KARACHI: The condition of rural workers and peasants, who make up more than 70 per cent of labour force in Sindh’s rural areas and toil long hours in agricultural farms and brick kilns, have gotten only worse, according to the Hari Welfare Association (HWA). The Sindh government has never given priority to these people who lack access to social security, good employment, and minimum wage, said HWA president Akram Khaskheli in a statement issued here the other day.
He said that a rural worker did not even earn an equivalent of the Rs25,000 minimum wage that the government implemented for unskilled labourers in 2019. Millions of young people in rural Sindh were forced to work for a little more than Rs6,000 per month in shops, restaurants, and workshops due to unemployment, and lack of opportunities for education, skills development, and employment and they included women, girls and minor boys who picked cotton and chilies for a piteous pay, he said, adding they were the prime targets of exploiters.
Khaskheli said that lack of irrigation water in the tail-end areas of canals had rendered majority of peasants jobless and forced them to relocate to urban areas or work as farm worker for meagre wages.
Leader says Sindh govt never extended any due rights to this segment, which forms 70pc of labour force
According to HWA, social and economic injustice, unemployment, hunger and poverty forced rural workers and peasants to rely on meagre economic prospects, which often resulted in their exploitation and abuse at the hands of contractors, middlemen, and corporate companies.
The majority of peasants had reportedly gone to rural labour market where they were given minimal wages due to growing shortage of irrigation water to tail-end areas of canals, said Khaskheli.
He said that workers frequently spent their free time in shabby roadside hangouts or agricultural fields looking for work when they were unable to find job or government support, causing suicidal tendencies to rise among them.
He said that the main cause behind rising number of suicides was a lack of political will on the part of the administration to implement labour law and policy. The Sindh Industrial Relations Act of 2013 provided a legal framework for the regulation of industrial relations but it was not implemented. The government had not made an effort to ensure that the rural workers, particularly those working in agriculture and brick kiln sectors, were unionized, he said.
Although the Sindh Women Agriculture Workers Act was passed in 2019, it had been currently rendered inert like every other law passed since the independence. The law could help rural peasants and working women protect their tights from marginalisation, exploitation and abuse in tribal societies, he said.

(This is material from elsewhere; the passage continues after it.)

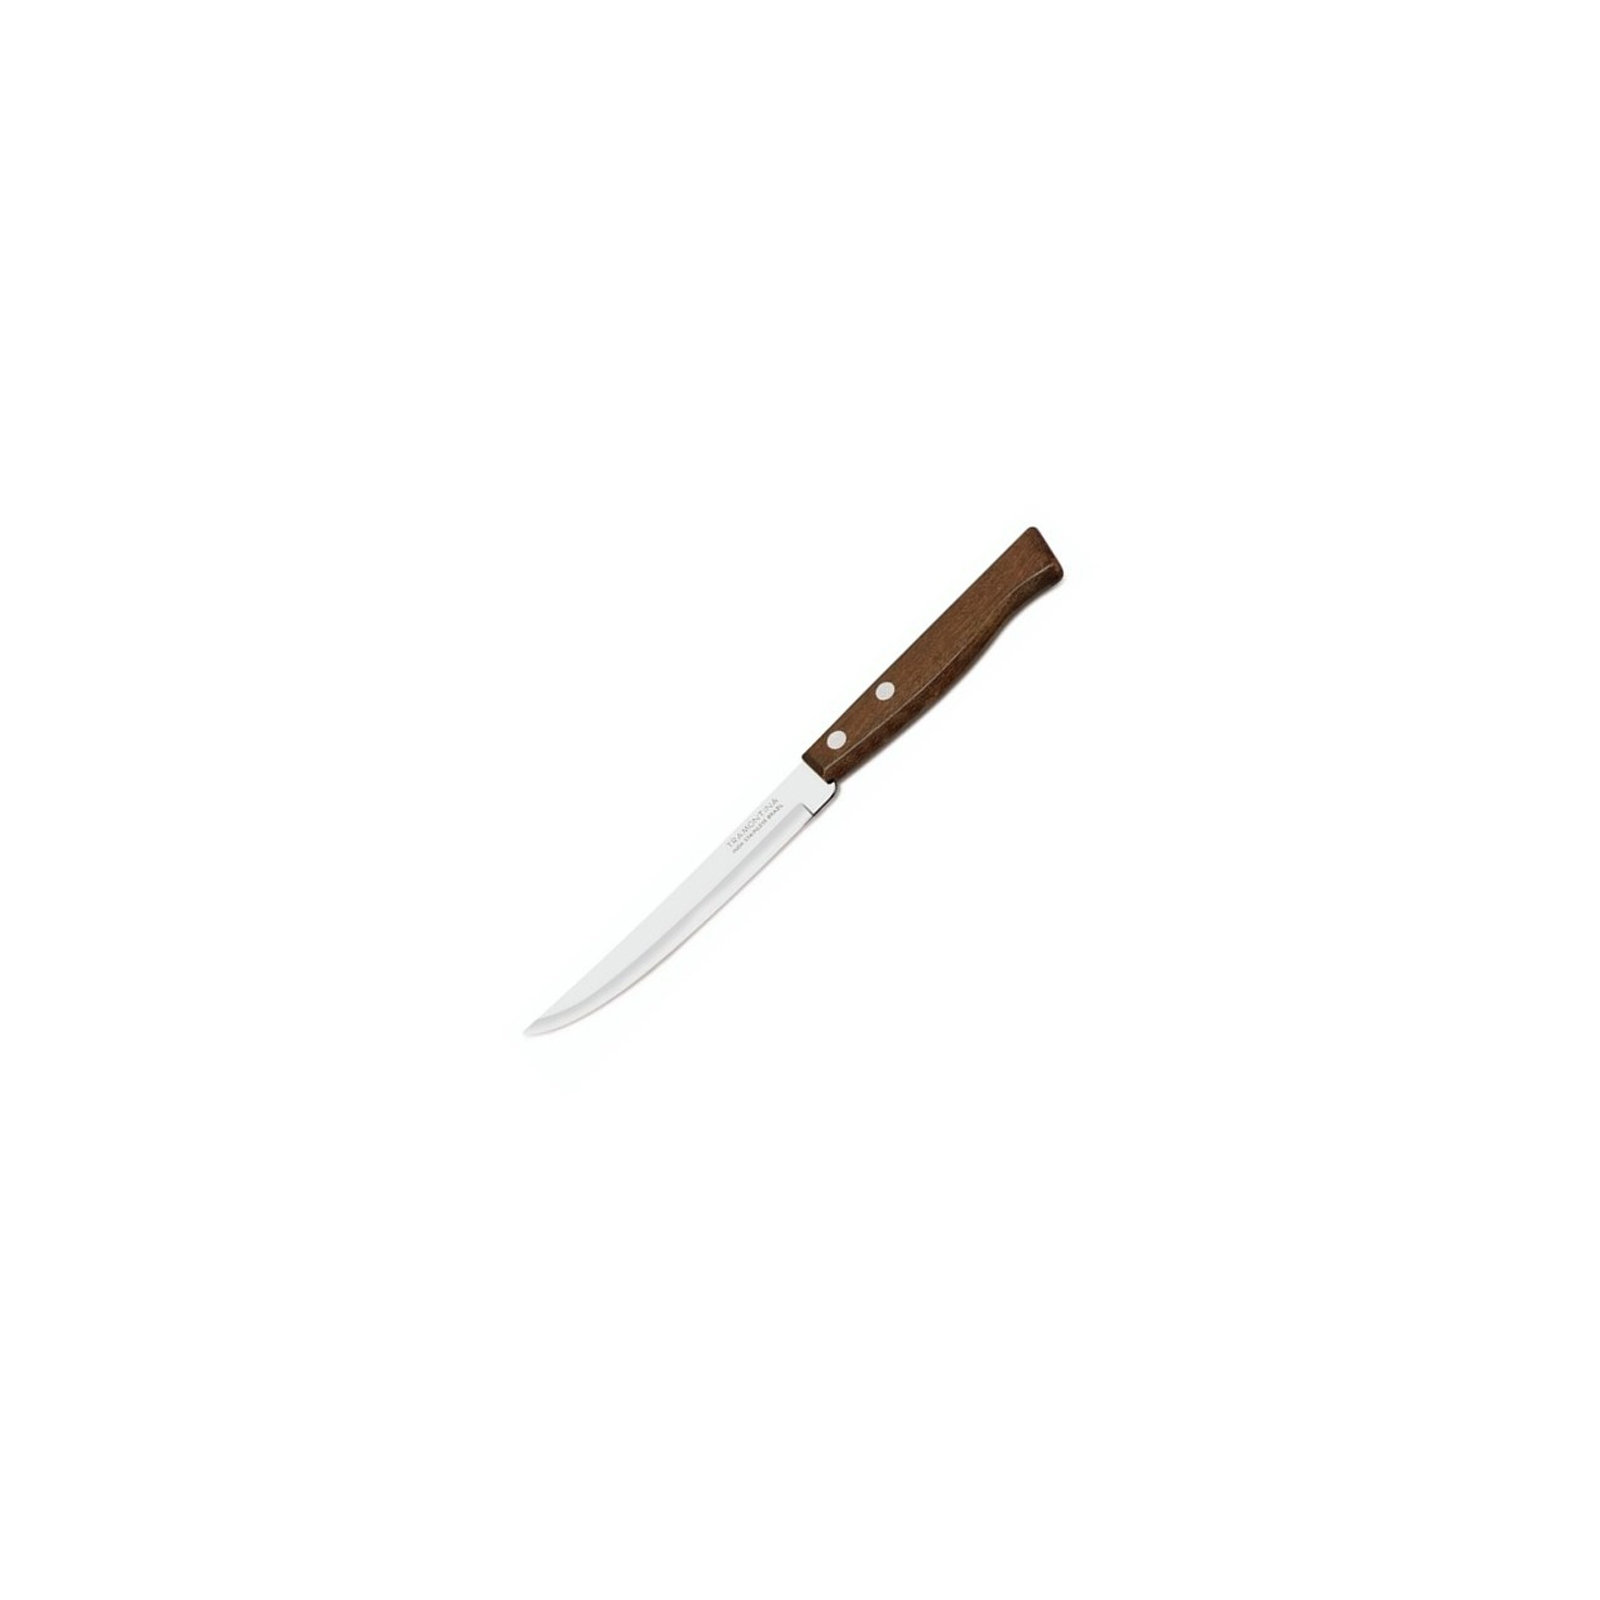 Кухонный нож Tramontina Tradicional для стейка 127 мм (22212/105)

He said that landlords and feudal families were never in favour of a shift in land ownership patterns and land distribution.
Therefore, since 1955, the successive governments had never implemented the Sindh Tenancy Act, 1950, which was aimed at addressing the issues of tenant exploitation and landlessness by granting security of tenure to tenants and regulating the relationship between landlords and tenants.
However, he said, despite the existence of the STA, the tenant’s exploitation and landlessness continued unabated in rural Sindh. In the entire Sindh, HWA was unable to find even a single peasant or sharecropper with a written agreement with the landlords required under the law, he said.
He urged the Sindh government to ensure that all workers in rural areas received Rs25,000 minimum wage and recommended that the government should strengthen monitoring systems by increasing number of labour inspectors and labour courts so that rural workers could approach them for redressal and establish unions to bargain for and defend their rights under labour laws. It also urged that the government should devise a mechanism for implementing the STA, said Khaskheli.